» Information shown:

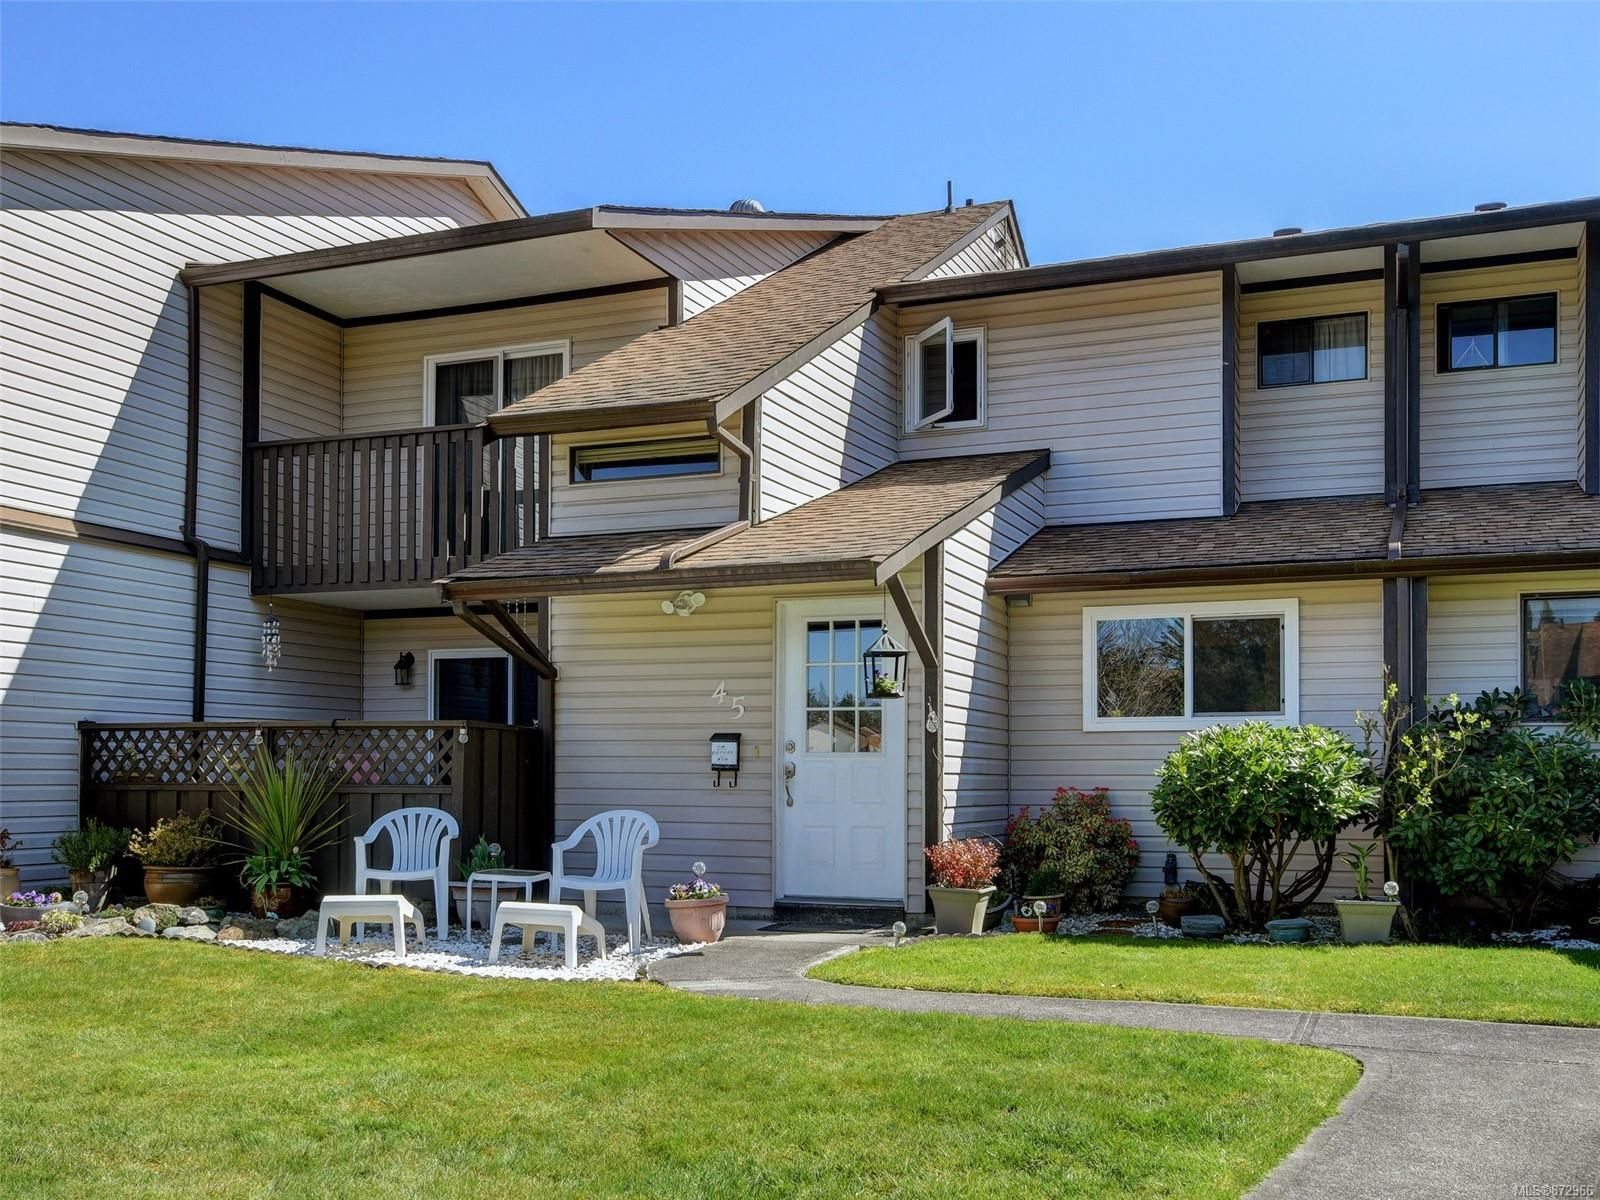 Main Photo: 45 1506 Admirals Rd in : Es Gorge Vale Row/Townhouse for sale (Esquimalt)  : MLS®# 872966
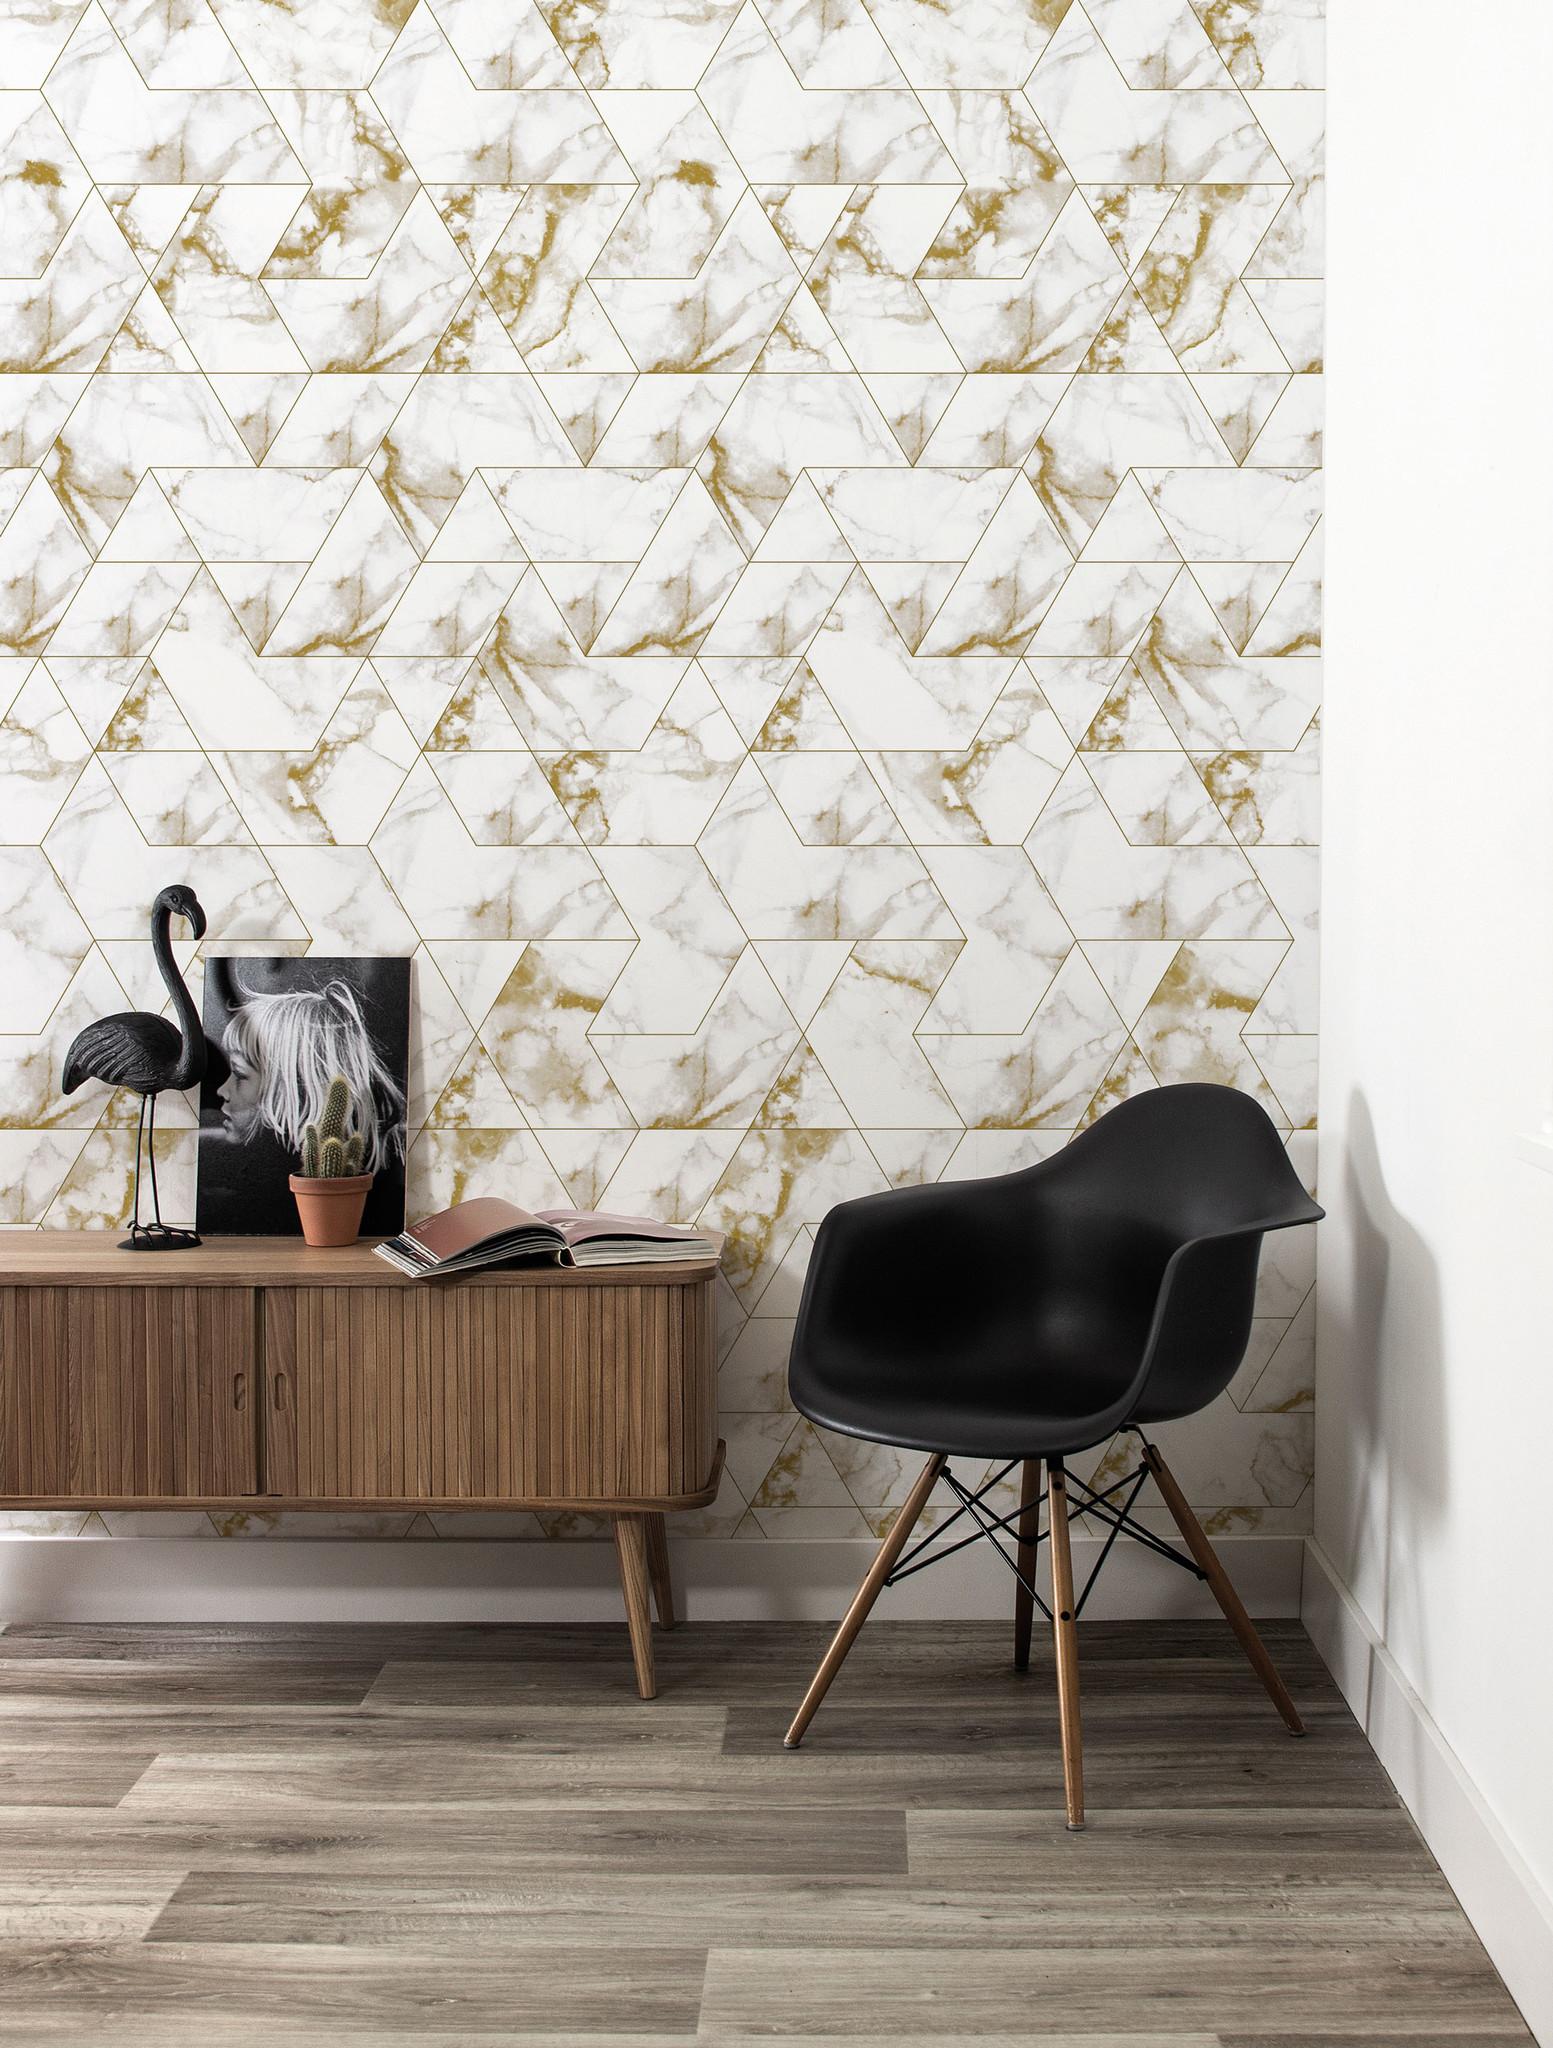 Behang Marmer Mosaic - 97.4 x 280 wit-goud-3
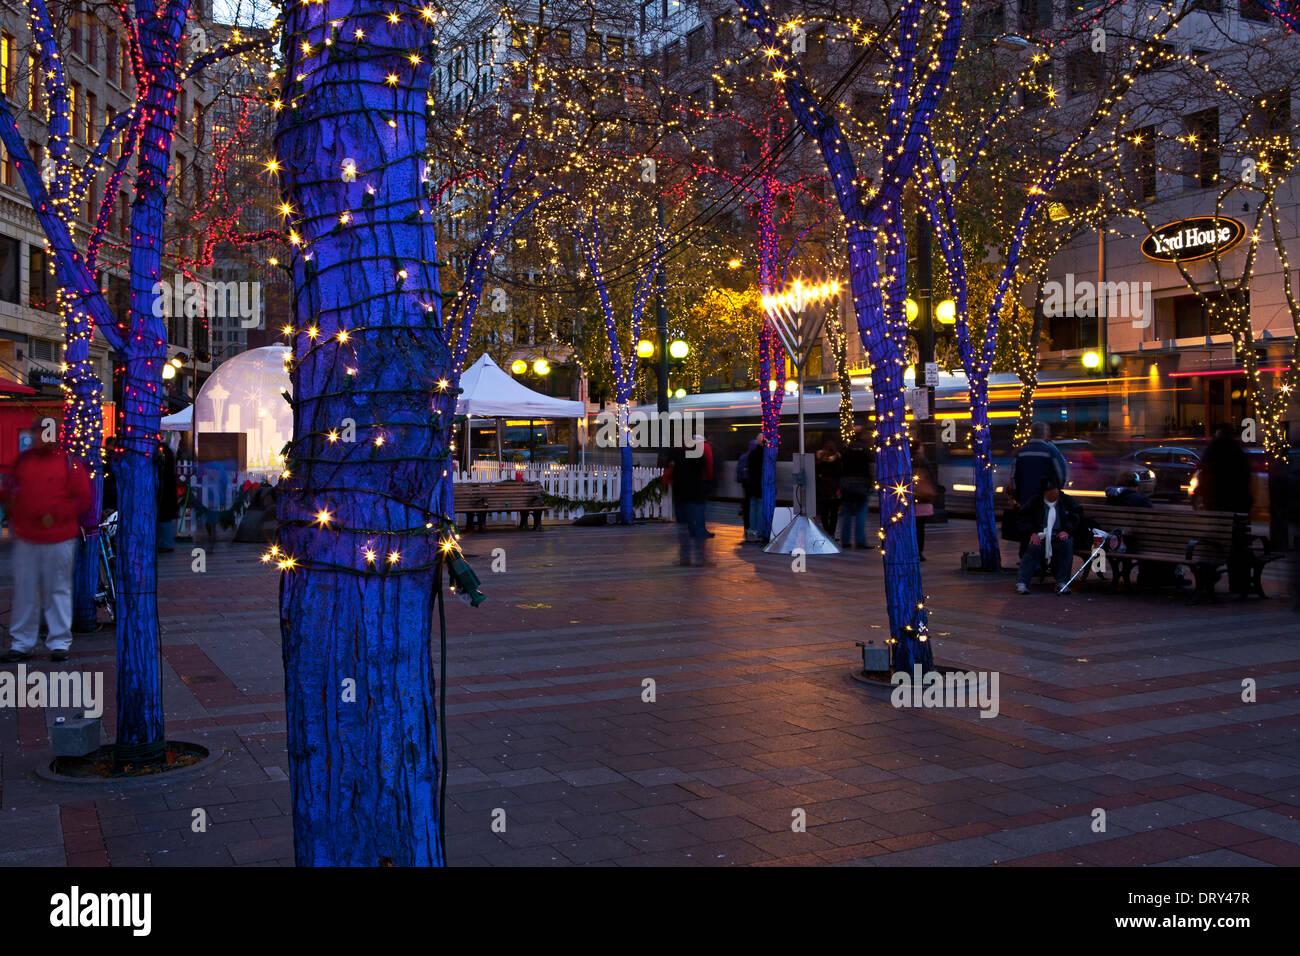 Seattle Christmas.Washington Westlake Park In Downtown Seattle With

» Task objective: Return the listing unchanged, but drop every picture.

» Written response:
 Main Photo: 45 1506 Admirals Rd in : Es Gorge Vale Row/Townhouse for sale (Esquimalt)  : MLS®# 872966
 Behang Marmer Mosaic - 97.4 x 280 wit-goud-3
 Seattle Christmas.Washington Westlake Park In Downtown Seattle With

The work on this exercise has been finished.